Subquery Definitions
Summary
There are three basic types of subqueries. The simplest and sometimes known as ordinary subqueries are those that return results independent of the outer query. A correlated query runs for each row of the outer query. Correlated queries act as audits of the existence or non-existence of a row based on a join between the outer and inner query. Last, there is an inline view. Inline views are queries that produce filtered result sets, and they function as run-time views.
Ordinary subqueries come in a general form as a multiple row subqueries. A single row subquery is specialized form of a multiple row subquery because it must resolve to a single row. The most specialized ordinary subquery is a SQL expression, which is a single row subquery that returns only one column. The SQL expression is more commonly referred to as a scalar subquery.

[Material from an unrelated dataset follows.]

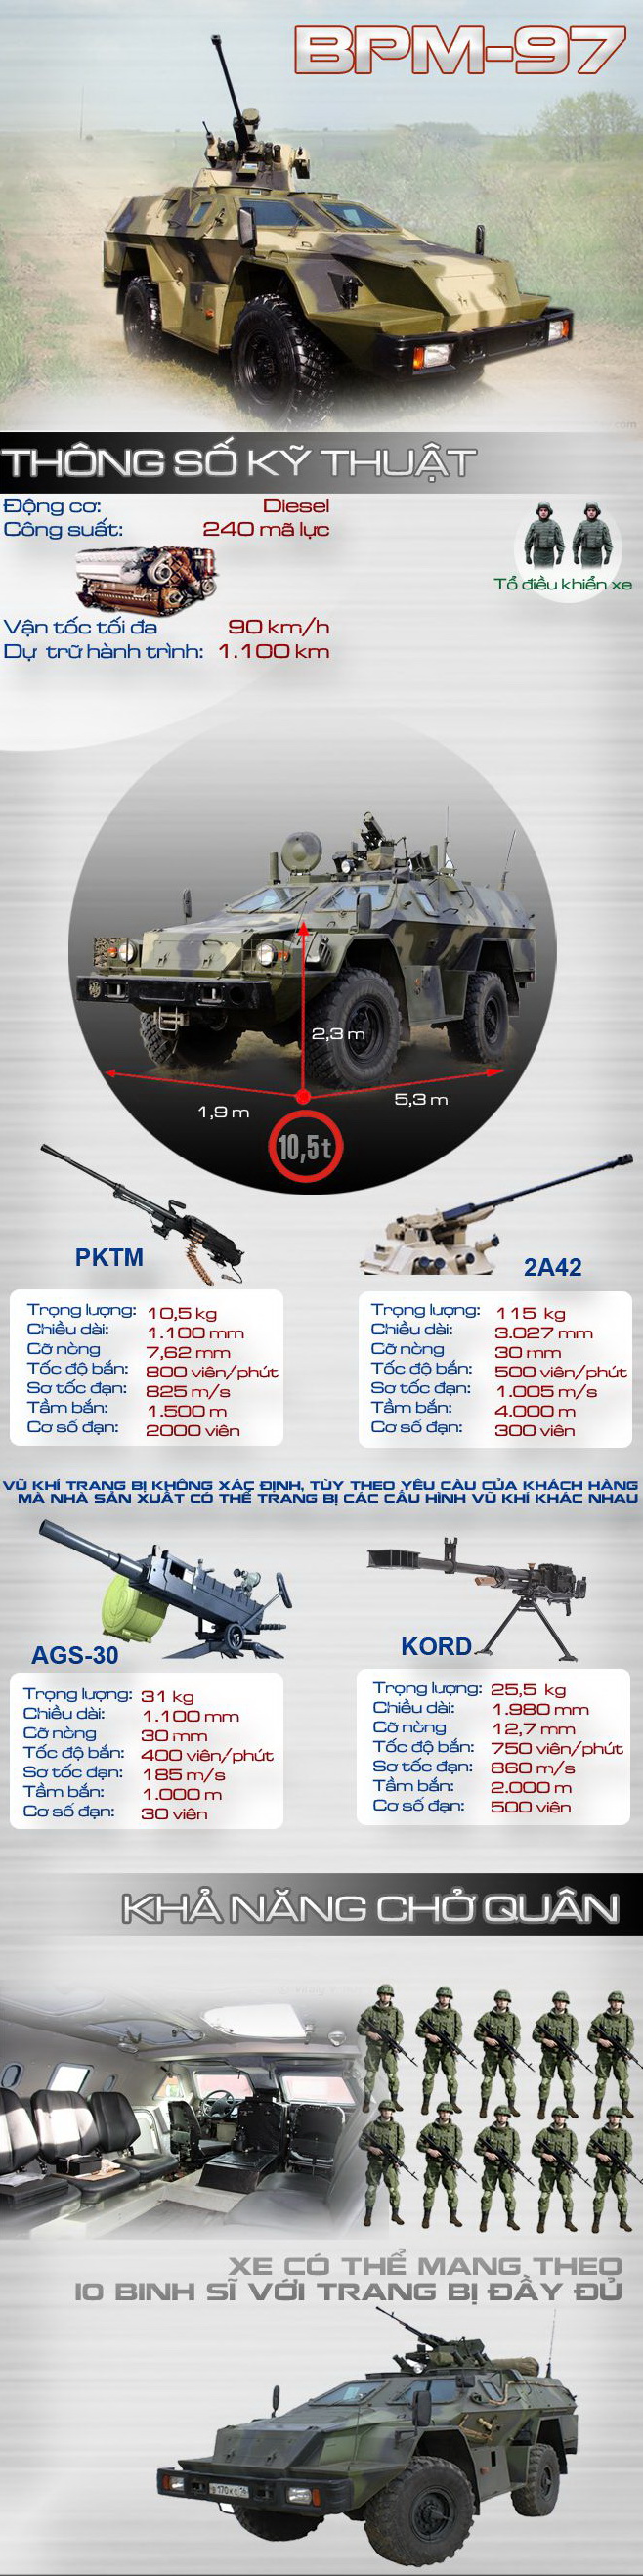 Ứng viên hàng đầu cho vị trí thay thế BTR-152 của Việt Nam - Ảnh 1.

Correlated subqueries let you validate whether values exist or don’t exist, and thereby serve to filter the result set of the master or outer query. They also let you perform complex associations to conditionally update or delete multiple rows in other tables. You should have unique indexes on these join columns because correlated subqueries run for each row returned by the outer query. Unique indexes let correlated queries perform faster with fewer computing resources.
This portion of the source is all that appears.